Комендант сидел на табуретке. На нем был только один сапог. Другой он держал в руке и придирчиво осматривал.
Комендант, вероятно, страдал лихорадкой, потому что его лицо было желтым и на нем проступали следы недосыпания и усталости. Под глазами начинали вырисовываться темные мешки. Выпуклый лоб, глаза слегка навыкате.
- Пожалуйста, - сказал он, - садитесь.
И отшвырнул в сторону сапог.
- Мне все время кажется, что у меня в сапоге гвоздь. Но никакого гвоздя нет. Болит старая рана.
- Вы были ранены? - пытаясь быть участливой, спросила я.
- В Испании, - ответил он. - Позорное ранение, в пятку. Смешно, не правда ли?
Его лицо как-то искривилось в улыбке. Но я не ответила на его улыбку то ли от волнения, то ли опасаясь обидеть его. Я спросила:
- Болит?
- Нет, не болит. Но все время кажется, что я наступаю на гвоздь. Солдатские раны на войне лучше всего врачует смерть, - вздохнул он. - От скольких неприятностей избавляет она солдата.
- Разве вы не хотите жить? - спросила я.
- Хочу. Но меня никто не спрашивает об этом. Мне никто не предлагает выбора. Вчера ваши партизаны застрелили нашего солдата. Он тоже не хотел умирать, но его никто не спрашивал. У него не было выбора. Что вы на это скажете?
- Ни одна мать никогда не смирится со смертью, - сказала я.
- Наши матери далеко, - он вздохнул. - Расстояние и время смягчают удар.
Я покачала головой. Комендант поднялся, сделал несколько шагов, прислушиваясь к своей боли. Его ни разу не кольнуло.
- Когда хожу босиком - все в порядке, - сказал он. - Стоит надеть сапог - колет.

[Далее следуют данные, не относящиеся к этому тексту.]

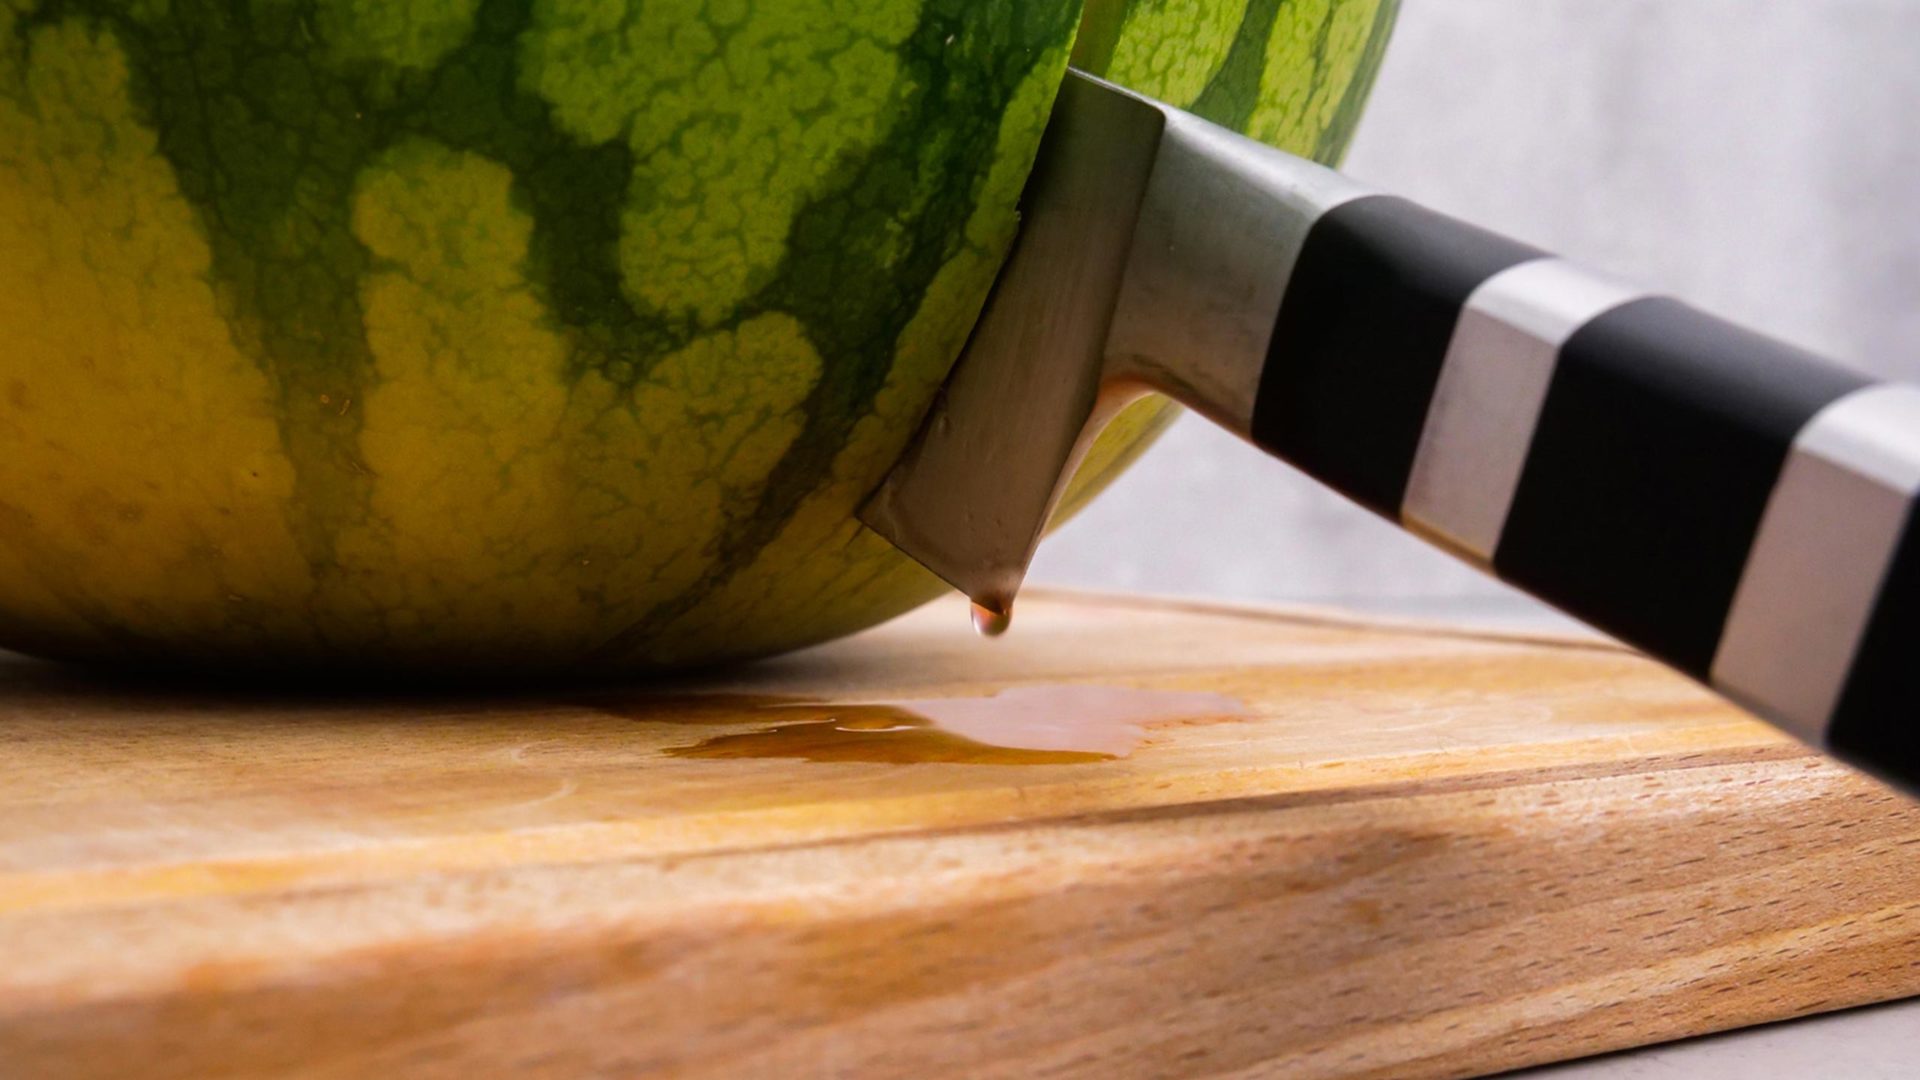 Knife stuck in watermelon

И никакого гвоздя нет. - Он вдруг остановился, поднял на меня глаза и спросил: - У вас ко мне дело, госпожа учительница?
Я испуганно посмотрела на него и прошептала:
- Я пришла умолять вас о моем сыне!
- Умолять? О сыне? Ему надо помочь?
- Он приговорен к казни.
Мейер вытер лоб ладонью.
- Он работал на лесопилке...
- Ах, лесопилка! - Он как бы вспомнил о лесопилке. - И ваш сын... Понимаю, понимаю...
Я не могла взять в толк - издевается он надо мной или сочувствует. Хотела думать, что он сочувствует. Смотрела на него глазами, полными слез.
- Эти глупые, неразумные мальчишки убили часового, - после недолгого молчания сказал комендант.
- Я отдаю себе отчет, насколько это вам сложно, немыслимо трудно, заговорила я. - Но умоляю вас войти в мое положение.
- Понимаю, - сказал он и как бы ушел в себя.
Я поверила, что он сочувствует мне, ищет выхода. И чтобы он самостоятельно не пришел к отрицательному решению, я заговорила:
- Ваша мать жива?
- Моя матушка? - Он слегка посветлел. - Моя матушка?
По-немецки это звучало "мейн муттерхен".
- Она служит в госпитале в Дюссельдорфе. Старшей фельдшерицей. Вы знаете, - комендант оживился, - она чем-то похожа на вас, хотя вы значительно моложе.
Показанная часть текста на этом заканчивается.